BEGIN

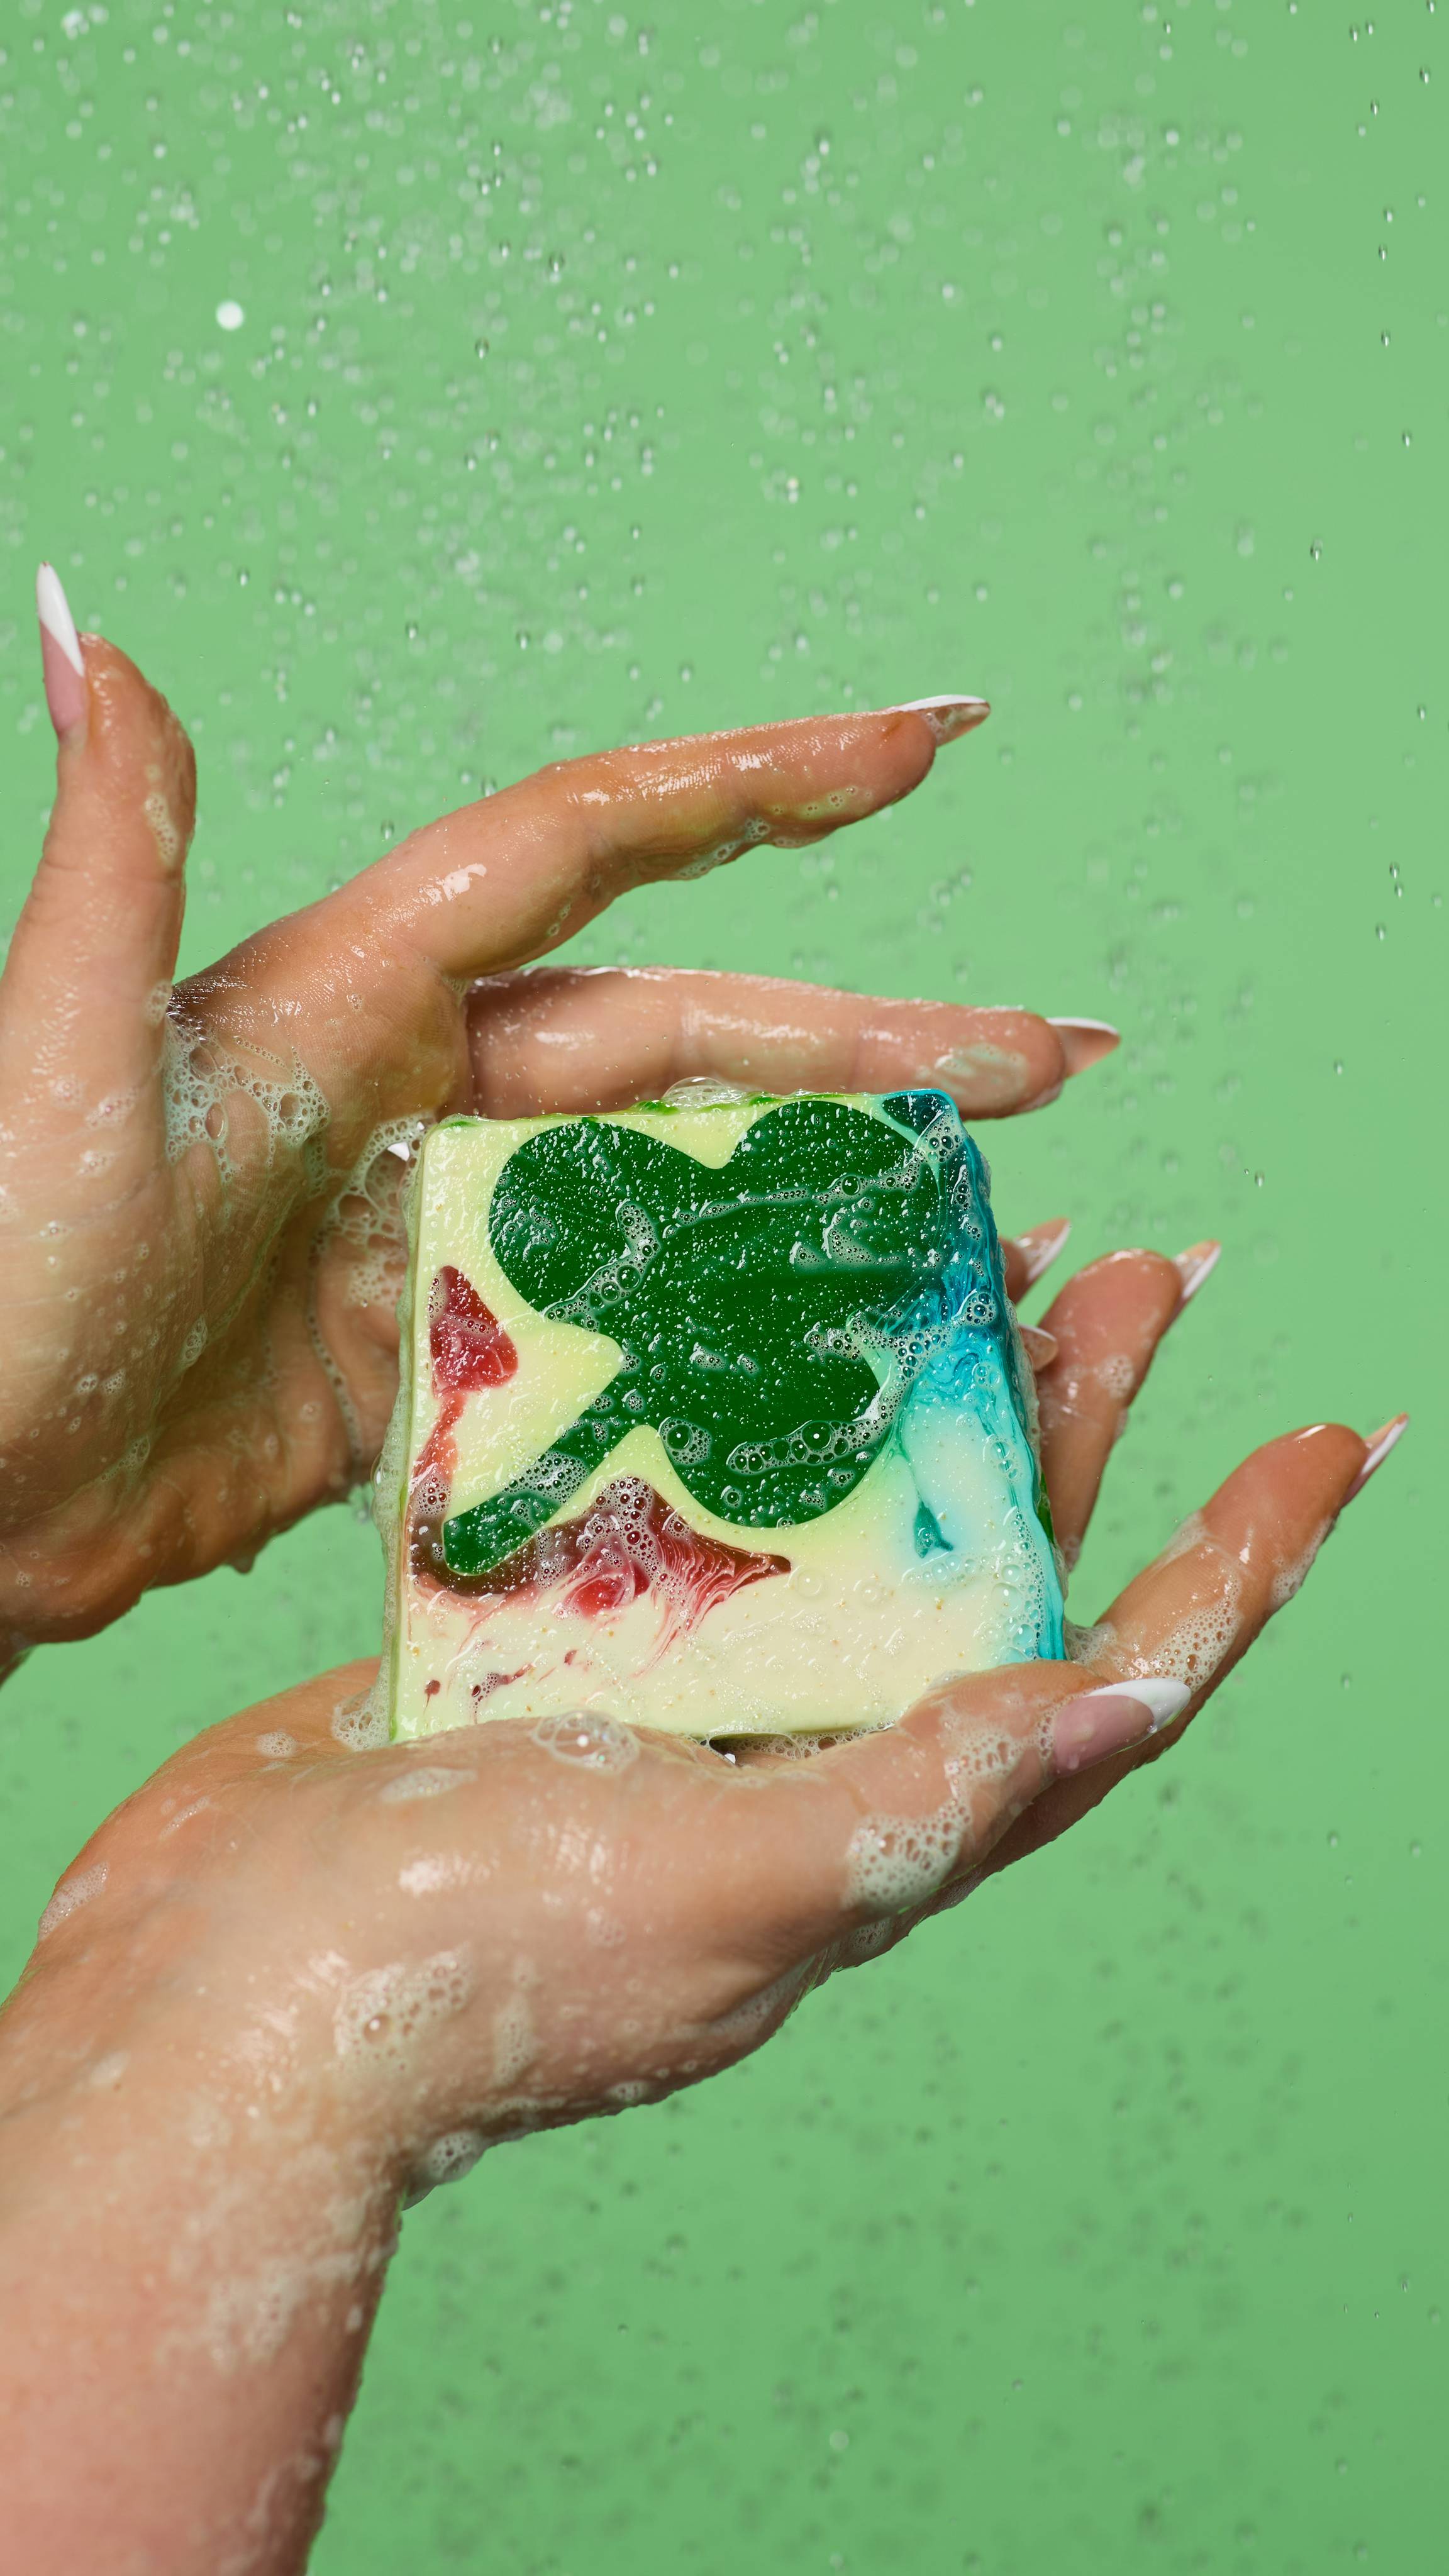 A close-up of the model's hands, lathered up with soapy suds while holding the Alban Eilir soap. Water is falling from above and there is a light green background.
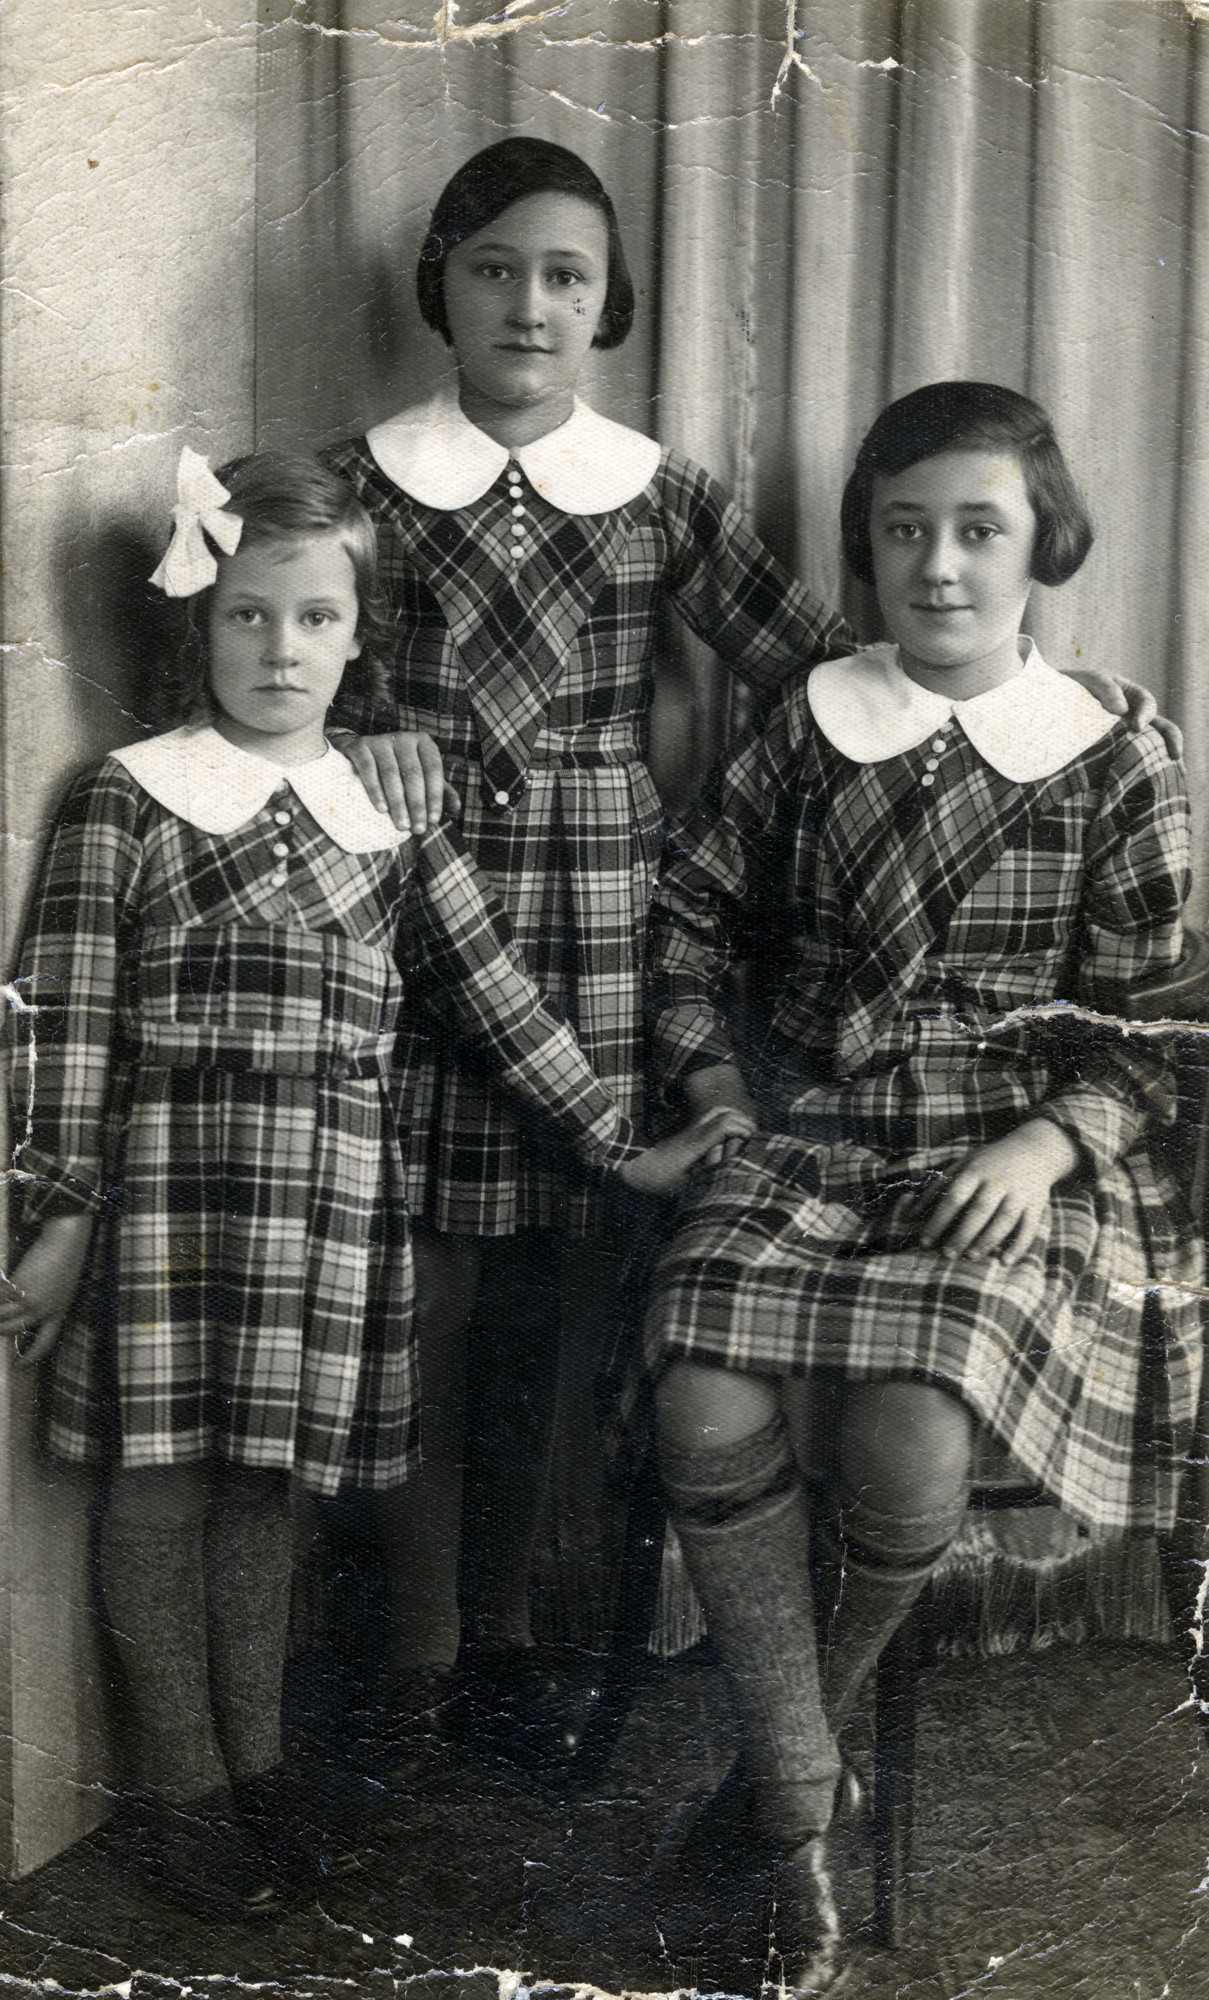 Belgian Jewish sisters wearing matching dresses pose for a photograph before Pesach (Passover).

Pictured from left to right are Naomi, Eva, and Rachell Isboutsky.

END

What the task requires.
Omit the pictures, then give all the lines above again exactly.

Solution.
 A close-up of the model's hands, lathered up with soapy suds while holding the Alban Eilir soap. Water is falling from above and there is a light green background.
 Belgian Jewish sisters wearing matching dresses pose for a photograph before Pesach (Passover).

Pictured from left to right are Naomi, Eva, and Rachell Isboutsky.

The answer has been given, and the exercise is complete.